Continuous electroencephalography (EEG) data were recorded using an elastic cap and the ActiveTwo BioSemi system (BioSemi, Amsterdam, Netherlands). Sixty-four Ag/AgCl electrodes were used, based on the 10–20 system, as well as two electrodes on the right and left mastoids. The electrooculogram (EOG) generated from eye movements was recorded using four facial electrodes. Horizontal eye movements were measured using two electrodes located approximately 1 cm outside the outer edge of the right and left eyes, and vertical eye movements and eyeblinks were measured via one electrode placed approximately 1 cm below the left eye and electrode FP1. The data were digitized at a sampling rate of 1,024 Hz, using a low•pass fifth order sinc filter with −3 dB cutoff point at 208 Hz. Each active electrode was measured online with respect to a common mode sense (CMS) active electrode, located between PO3 and POz, producing a monopolar (nondifferential) channel. CMS forms a feedback loop with a paired driven right leg (DRL) electrode located between POz and PO4, reducing the potential and increasing the common mode rejection rate.

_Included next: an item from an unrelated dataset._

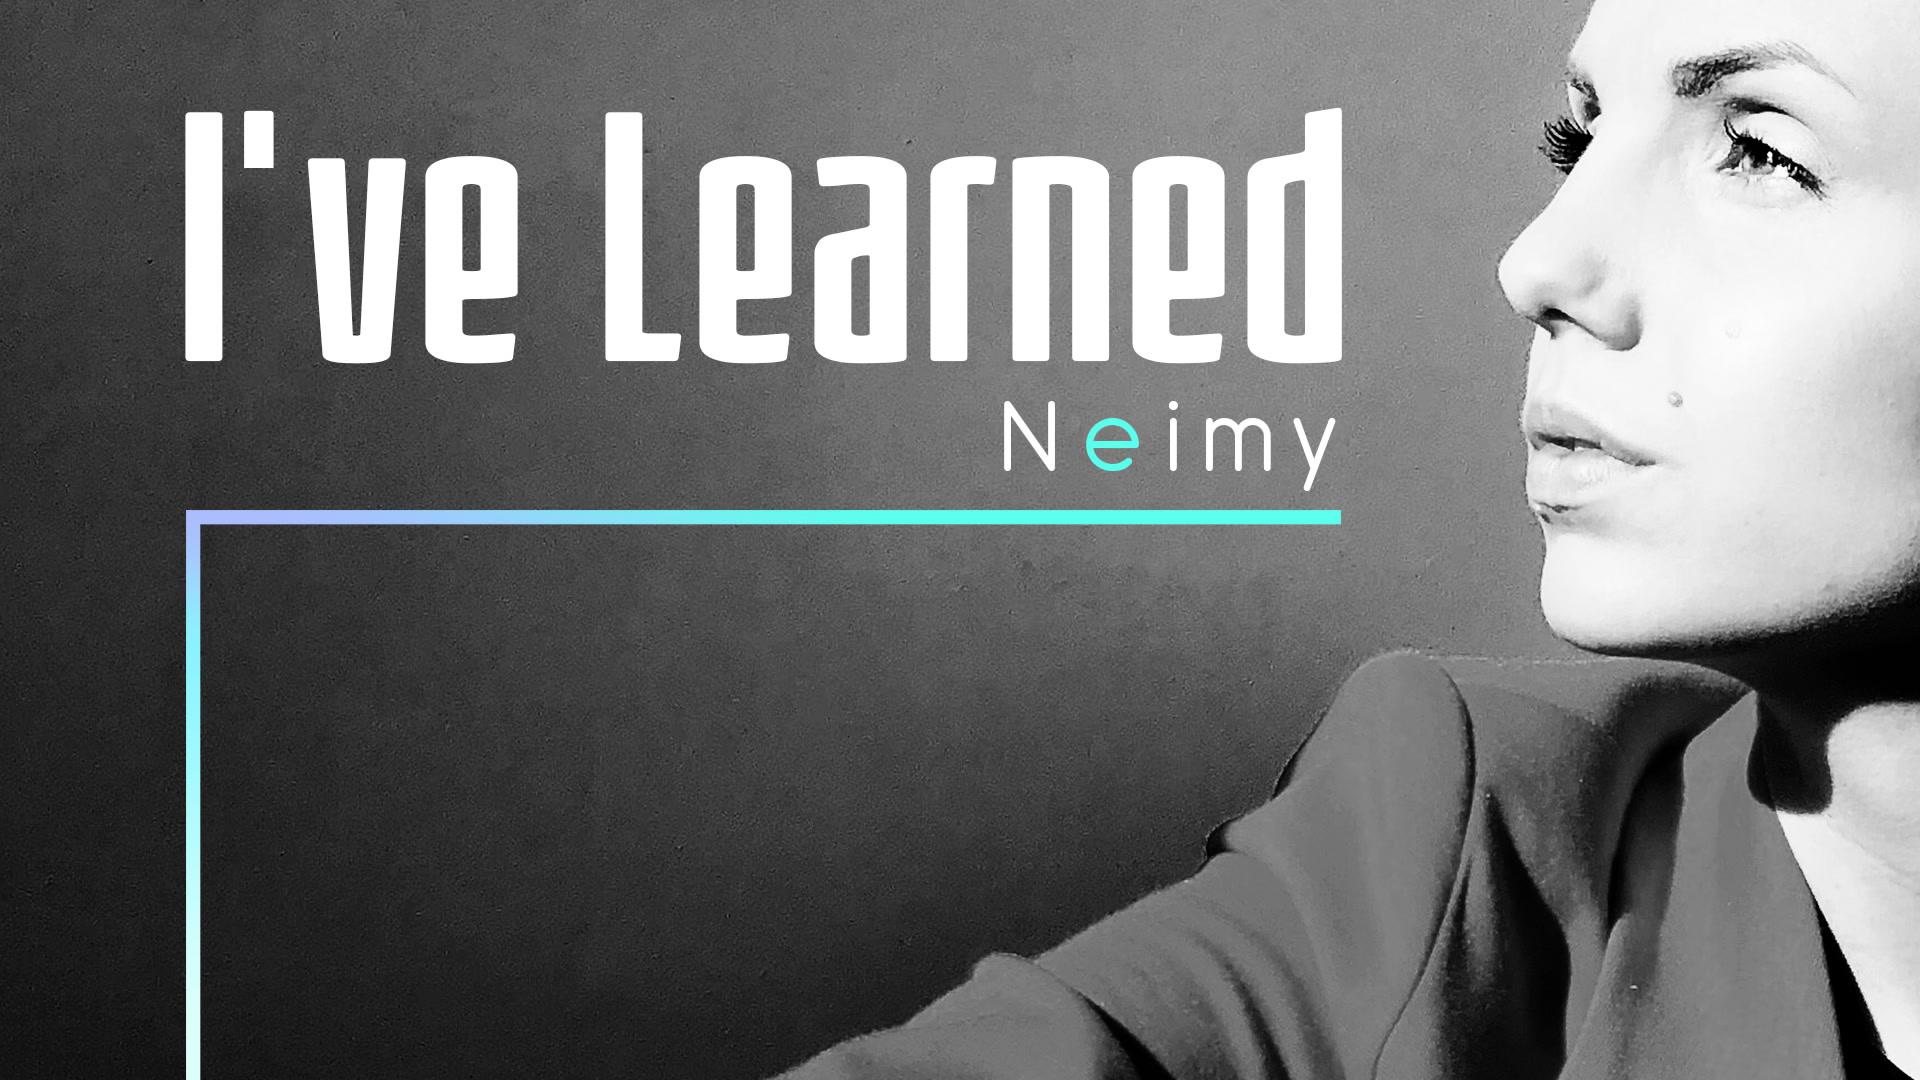 NEIMY - I've Learned (Acoustic Version)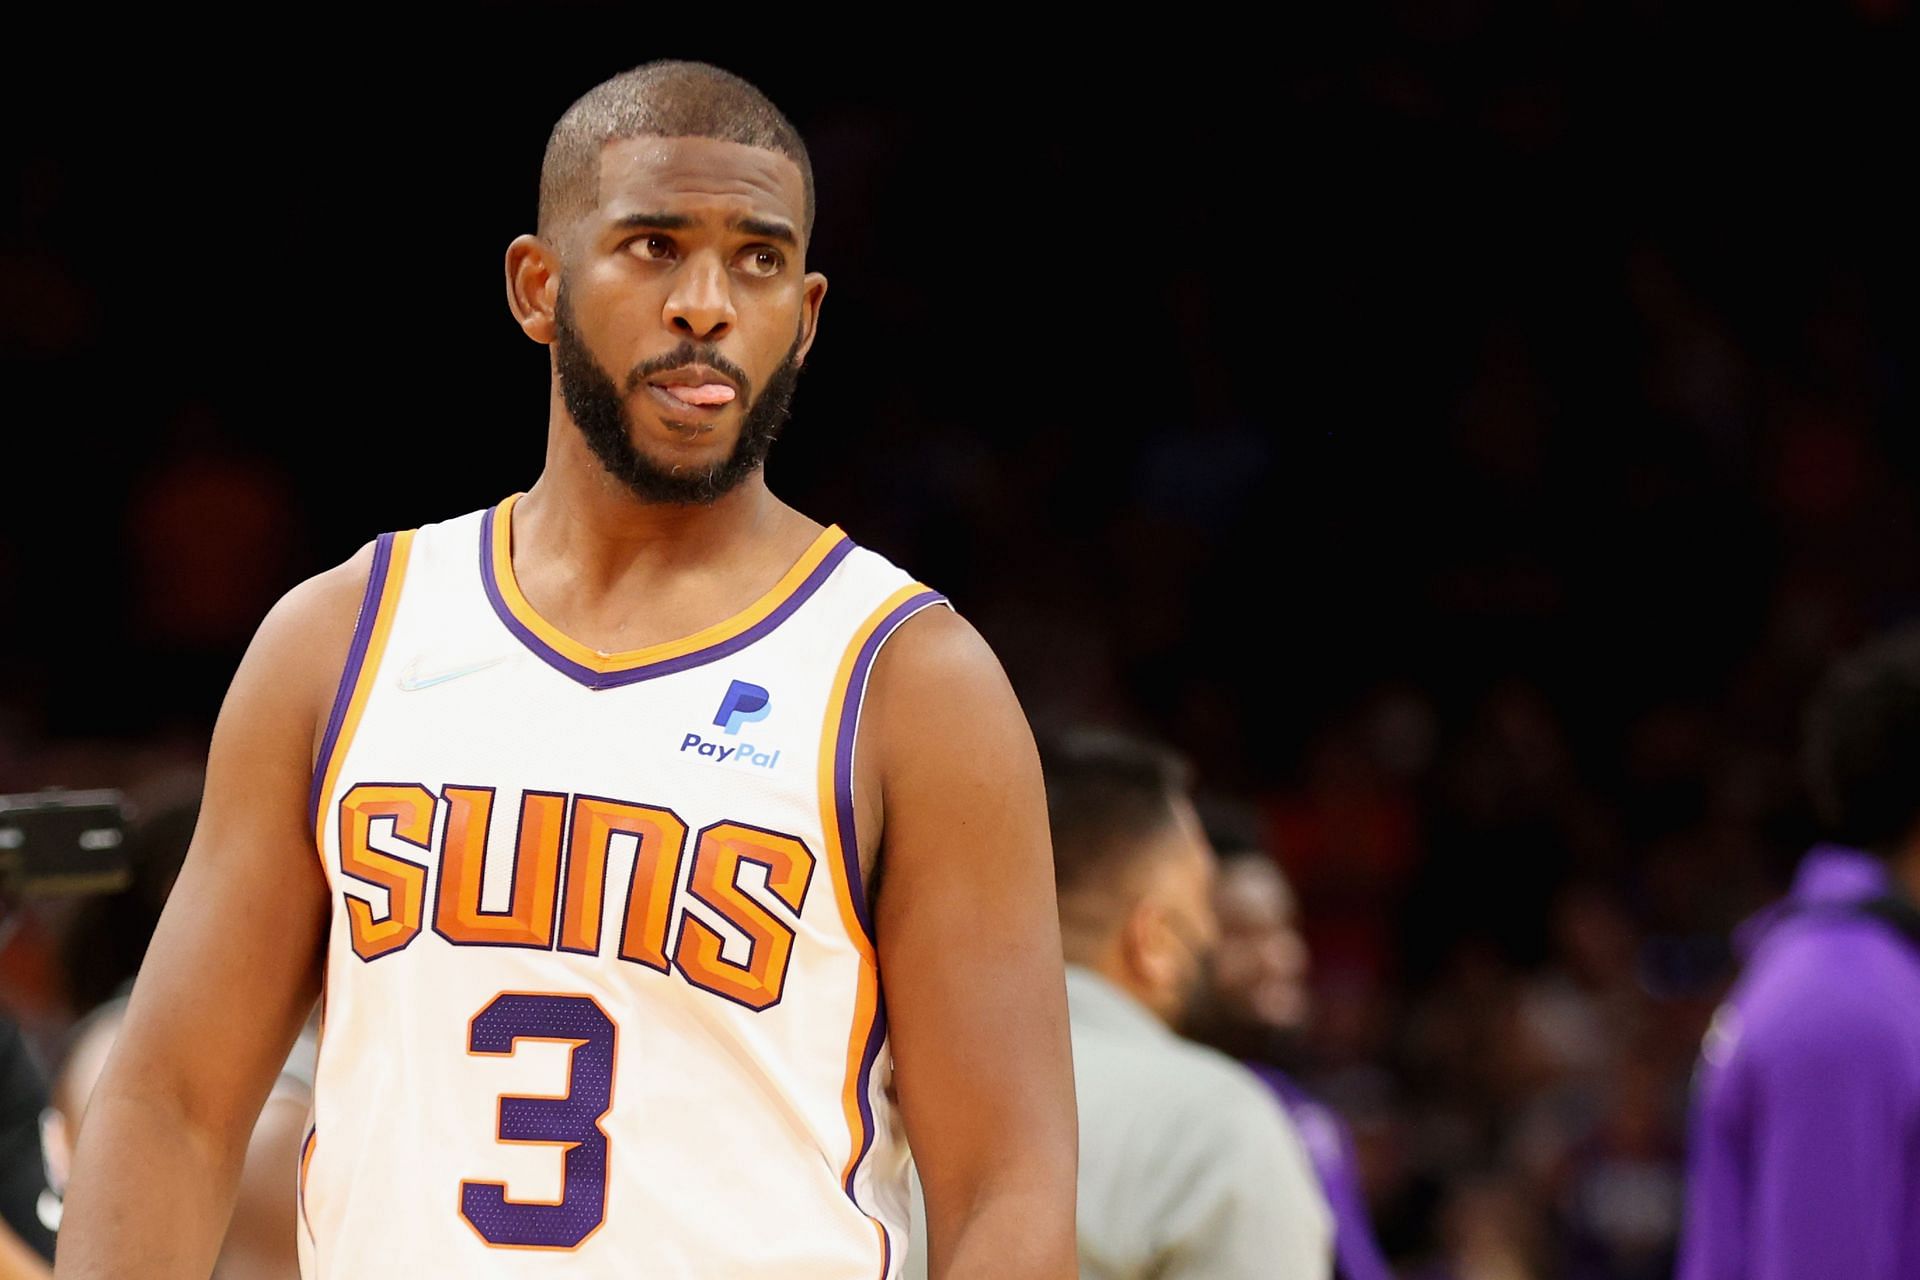 Chris Paul looks on during a Phoenix Suns game.

Offline, all data were analyzed in BrainVision Analyzer 2.1.0 (Brain Products, Munich, Germany), and were referenced to the average of the left and right mastoids and band•pass filtered with low and high cutoffs of 0.1 and 30 Hz, respectively. Eye blink and ocular corrections were conducted using established standards (Gratton et al., 1983). EEG channels with a high number of channel-specific artifacts were removed and interpolated (spline interpolation; Perrin et al., 1989). The mean number of interpolated channels was 1.71 (maximum=7). EEG data were segmented into epochs beginning 200 ms before feedback onset and ending 1,000 ms after feedback onset. The 200 ms prior to feedback onset was used for baseline correction. Epochs for individual channels were rejected using a semi-automated procedure, with artifacts identified using the following criteria: a voltage step of more than 50 μV between sample points, a voltage difference of 300 μV within a trial, and a maximum voltage difference of less than 50 μV within 100 ms intervals. These intervals were rejected from individual channels in each trial. Visual inspection of the data was then conducted to detect and reject remaining artifacts. After interpolation and artifact rejection, the average number of trials retained for averaging was 29.6, 29.5, and 29.6 for the gain, loss, and neutral conditions, respectively. The RewP was scored as the mean amplitude from 250-350 ms following feedback at a pooling of FCz and Cz, where the difference between gain and non-gain amplitudes was maximal (see Figure 1). Consistent with recommendations for isolating ERPs to activity specific to one condition (Meyer et al., 2017), responses to loss and neutral trials were regressed on responses to gain trials, thus creating a residual score for the RewP. Split-half reliabilities for each condition were calculated using the correlation between the averages of odd- and even-numbered trials corrected using the Spearman-Brown prophecy formula (Nunnally and Bernstein, 1994), and were .94, .91, and .89 for the gain, loss, and neutral conditions, respectively.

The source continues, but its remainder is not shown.